Not long ago, the Honorable Gary Sharpe, of the United States District Court for the Northern District of NY, granted Variscite NY One, Inc.’s (Variscite) request for an injunction prohibiting the NY State Office of Cannabis Management (NYOCM) from providing the initial batch of conditional retail operating licenses stemming from an application program held between August 25, 2022 and September 26, 2022. This month-long application period resulted in New York planning to issue 150 retail dispensary licenses, for which the injunction affects 63.
Variscite and Gay filed a complaint on September 26, 2022 against the NYOCM, and moved for an injunction soon after, arguing that the application process approved by the NYOCM is unconstitutional because it unlawfully restricts interstate commerce in violation of the dormant Commerce Clause. Plaintiffs sought an injunction prohibiting the NYOCM from issuing any licenses in certain New York geographic areas.
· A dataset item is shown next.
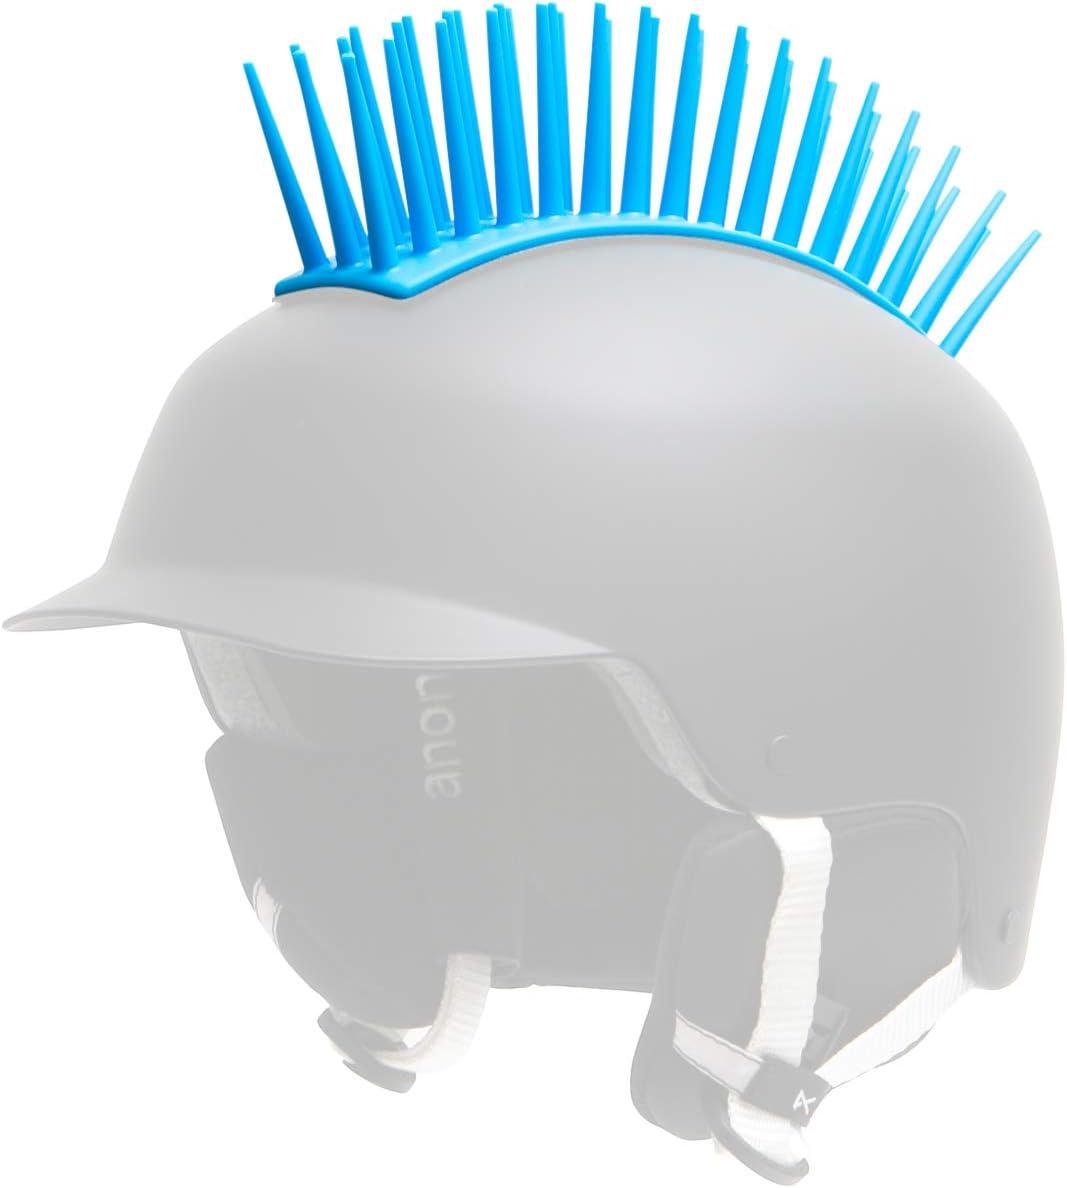 Blue Mohawk (Helmet not Included)

Judge Sharpe, applying the heightened level of dormant Commerce Clause scrutiny as was previously applied by district courts in addressing similar cannabis regulatory schemes, noted that the NYOCM made no effort to show the challenged provisions were narrowly drafted to serve a legitimate local purpose. Judge Sharpe also found irreparable harm to Variscite, and found that public interest will be served by granting the injunction because of the unconstitutional nature of the regulations that ultimately led to Variscite’s application denial.
More recently, Gay and Variscite filed a similar lawsuit against the City of Los Angeles, the Los Angeles Department of Cannabis Regulation, and Michelle Garakian (Interim Executive Director for the City of Los Angeles), and soon thereafter moved for a TRO. Plaintiffs raised similar arguments as they did in New York, but Judge Sherilyn Peace Garnett reached the opposite conclusion. The crux of defendants’ arguments was that plaintiffs lacked standing because they failed to comply and submit documents showing they met the criteria for the social equity program, and thus the harm suffered was not caused solely by the allegedly unconstitutional provisions of the social equity program. Despite the fact that Judge Garnett determined plaintiffs’ argument presented enough factual support to raise disparate impact implications which would require a court to apply strict scrutiny, Judge Garnett turned back to plaintiffs’ standing, and discussed the fact that cannabis is still federally illegal which may warrant abstention due to the lack of a national market for cannabis.
Judge Sharpe and Judge Garnett reached opposite conclusions. The lack of uniformity shown by these two decisions may very well continue to exist until the Supreme Court weighs in on the dormant Commerce Clause, or Congress legalizes cannabis.
These two decisions lay in the shadow of the August 2022 First Circuit decision ruling that the dormant Commerce Clause applies to the cannabis industry. That ruling, found at Ne. Patients Grp. v. United Cannabis Patients & Caregivers of Maine, 45 F.4th 542, 547 (1st Cir. 2022), along with the two cases mentioned above demonstrate a recent trend that may find its way to the Supreme Court.